**EXERCISE DATA**
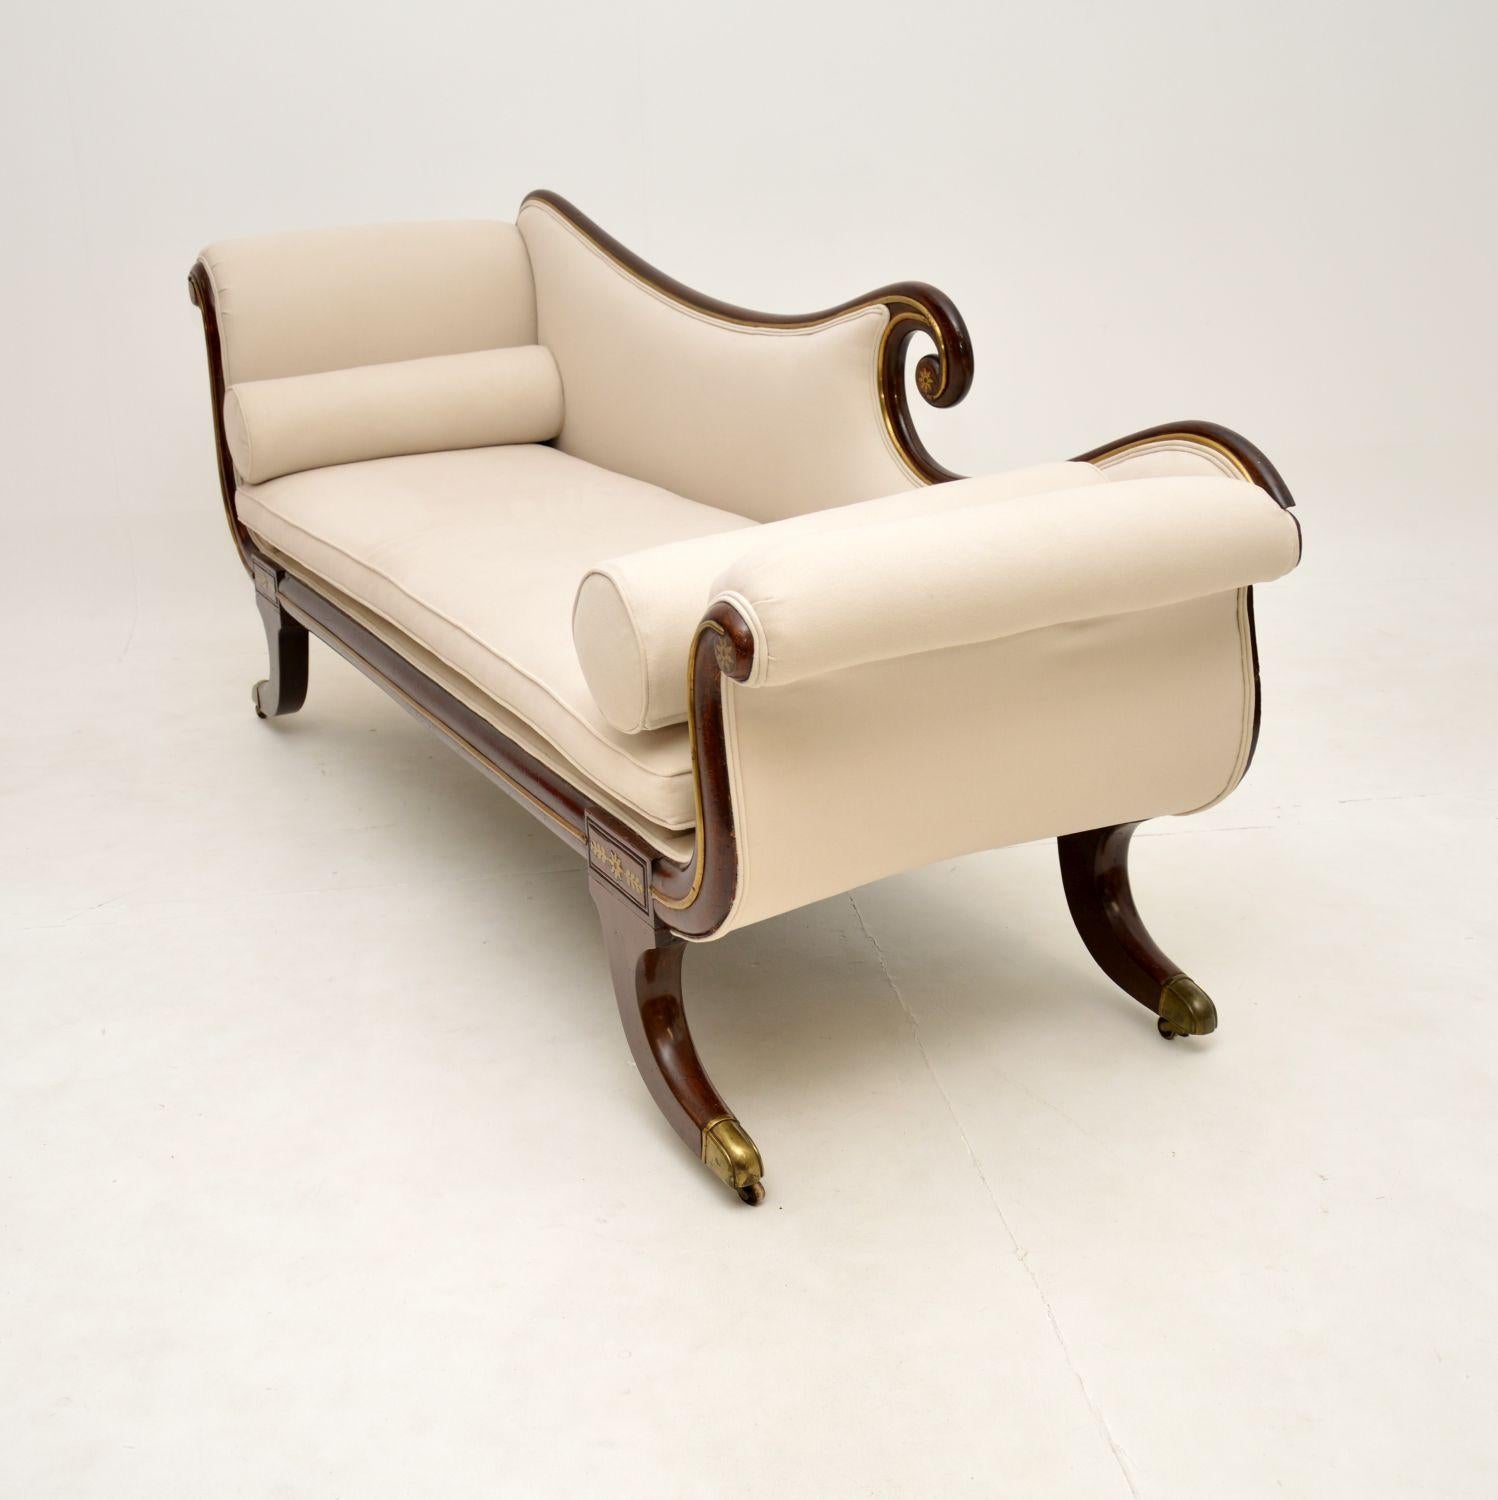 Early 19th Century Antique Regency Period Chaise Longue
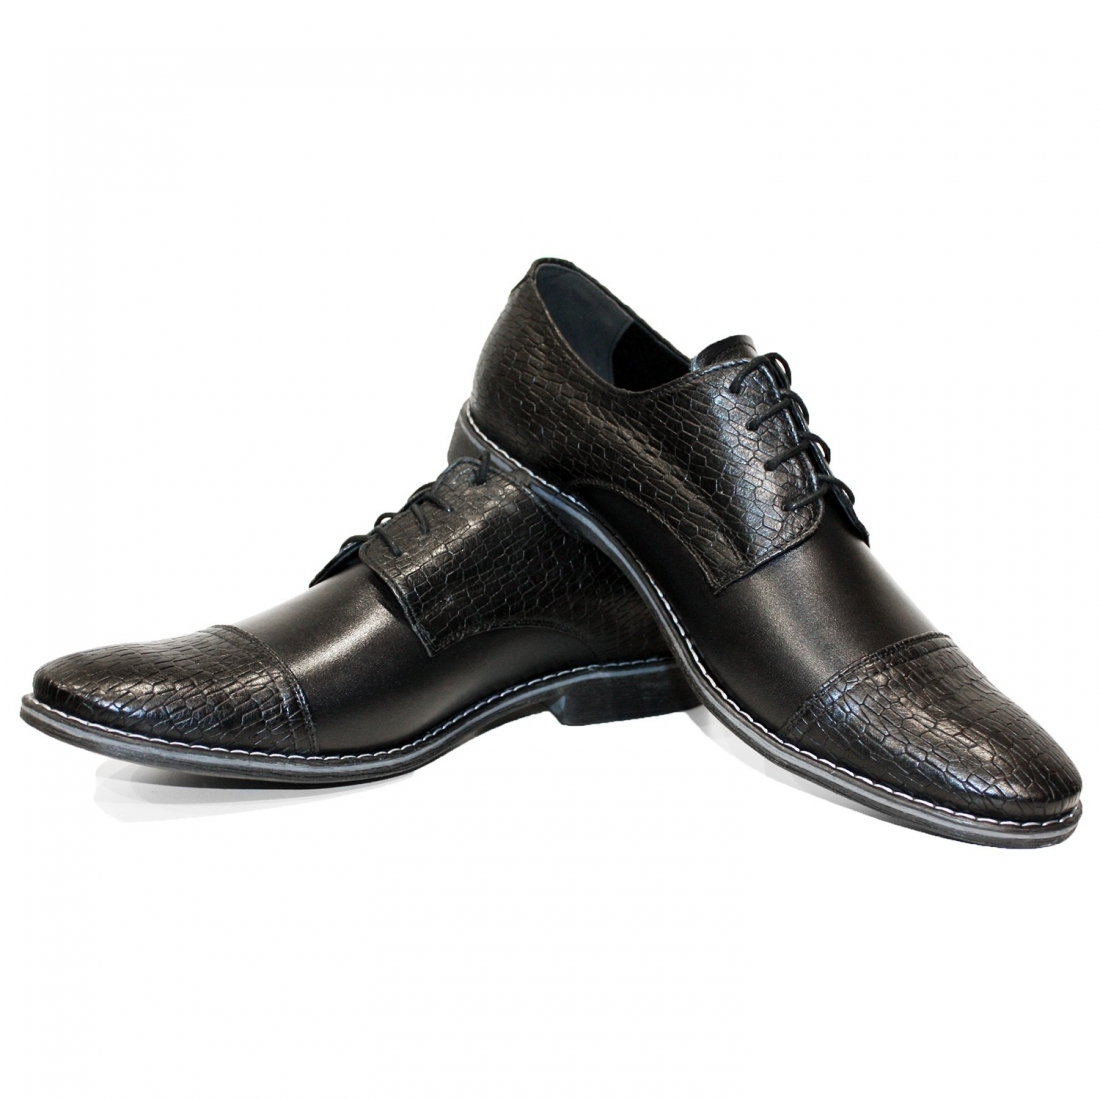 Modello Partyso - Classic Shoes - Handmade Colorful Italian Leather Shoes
...
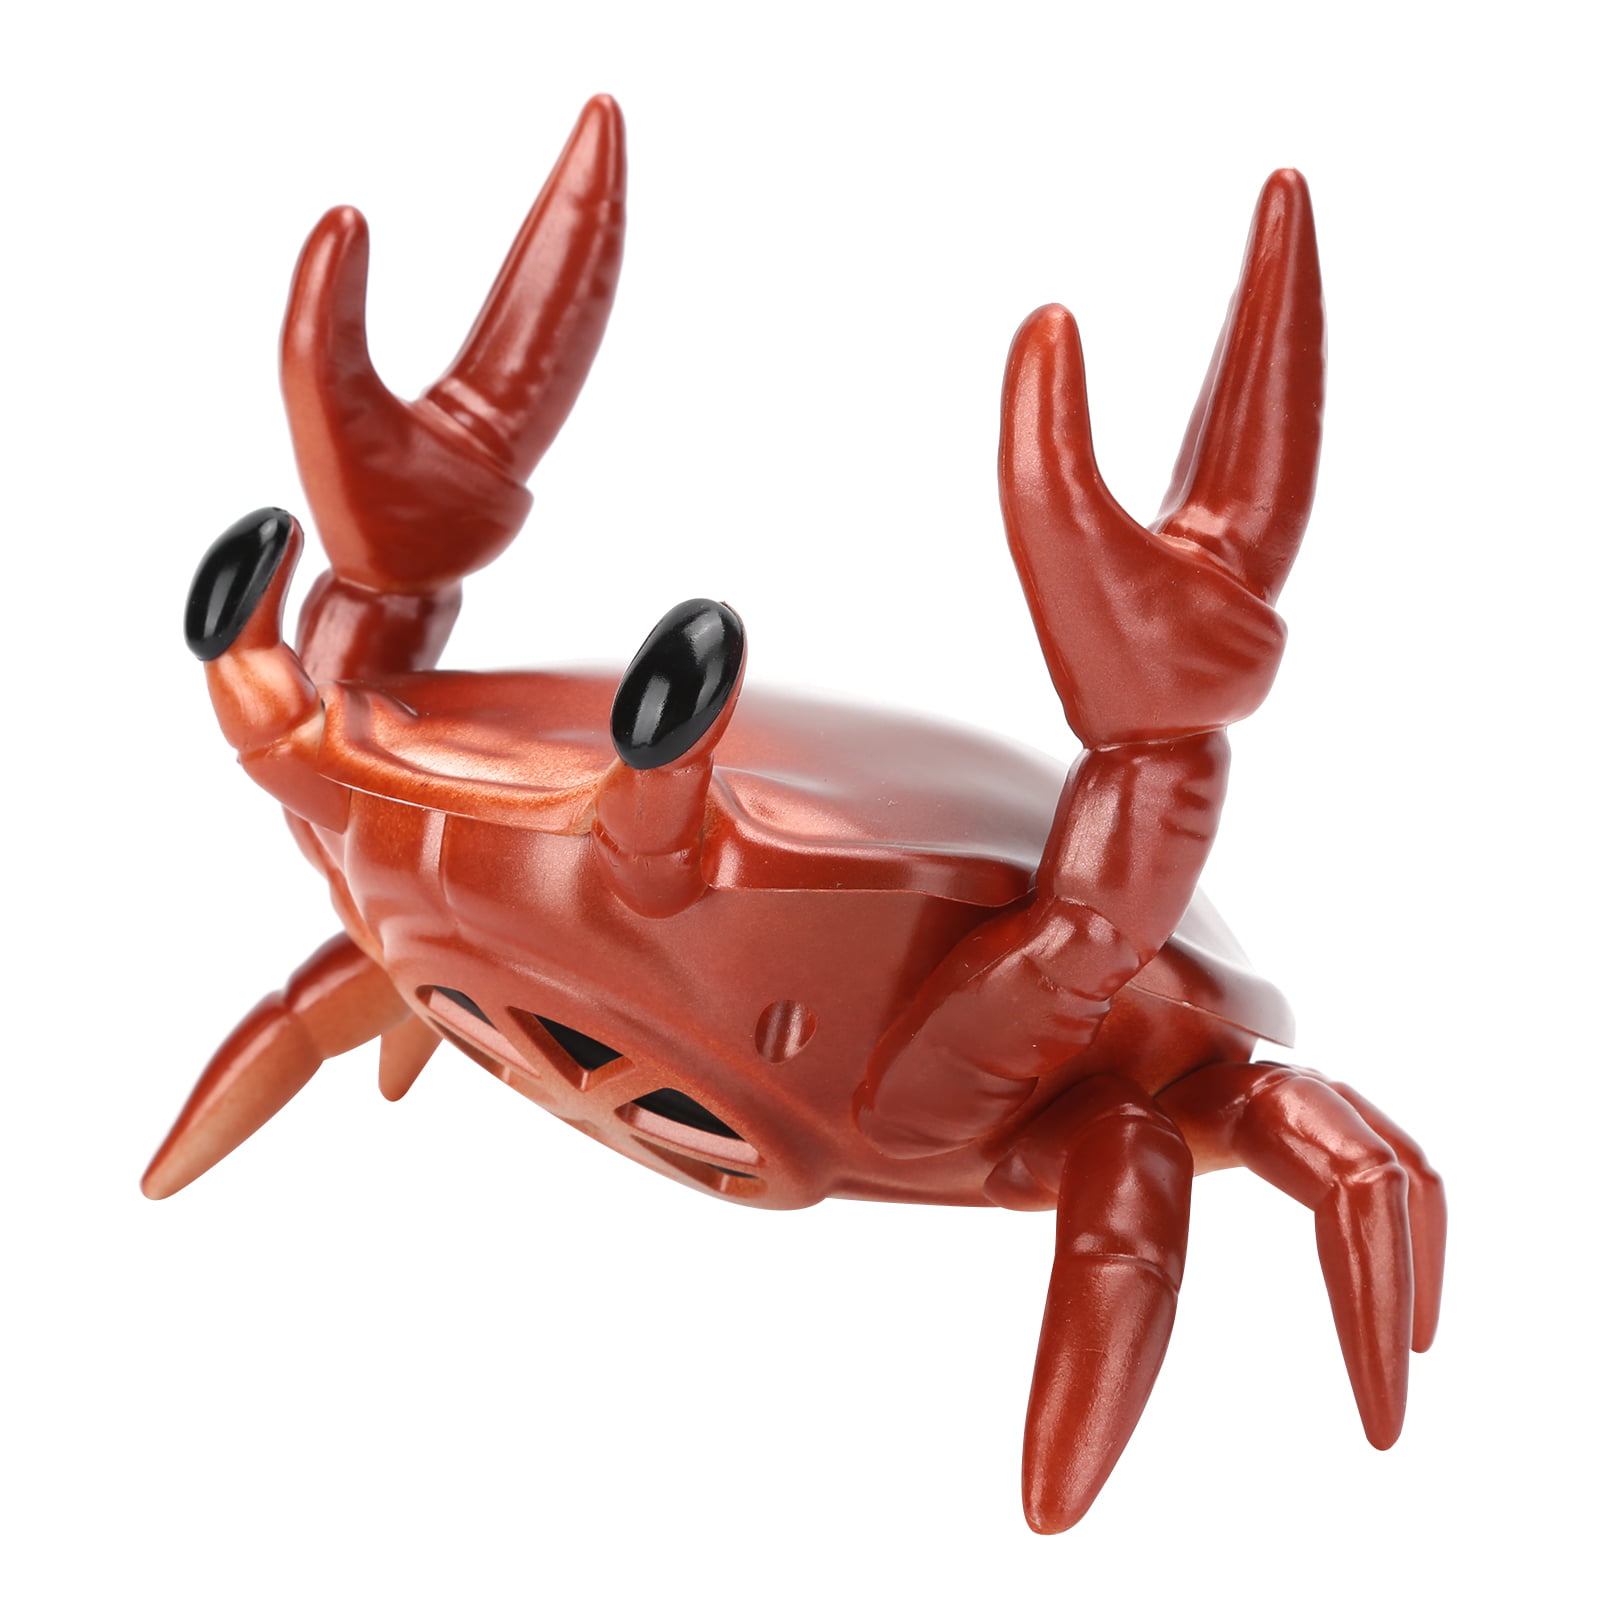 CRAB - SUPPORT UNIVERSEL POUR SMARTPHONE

**TASK ITEM**
Although the records hold pictures, the copy must not; give again exactly the lines from the one with "Early 19th Century" through the one with "Modello Partyso - Classic".

**TASK RESULT**
 Early 19th Century Antique Regency Period Chaise Longue
 Modello Partyso - Classic Shoes - Handmade Colorful Italian Leather Shoes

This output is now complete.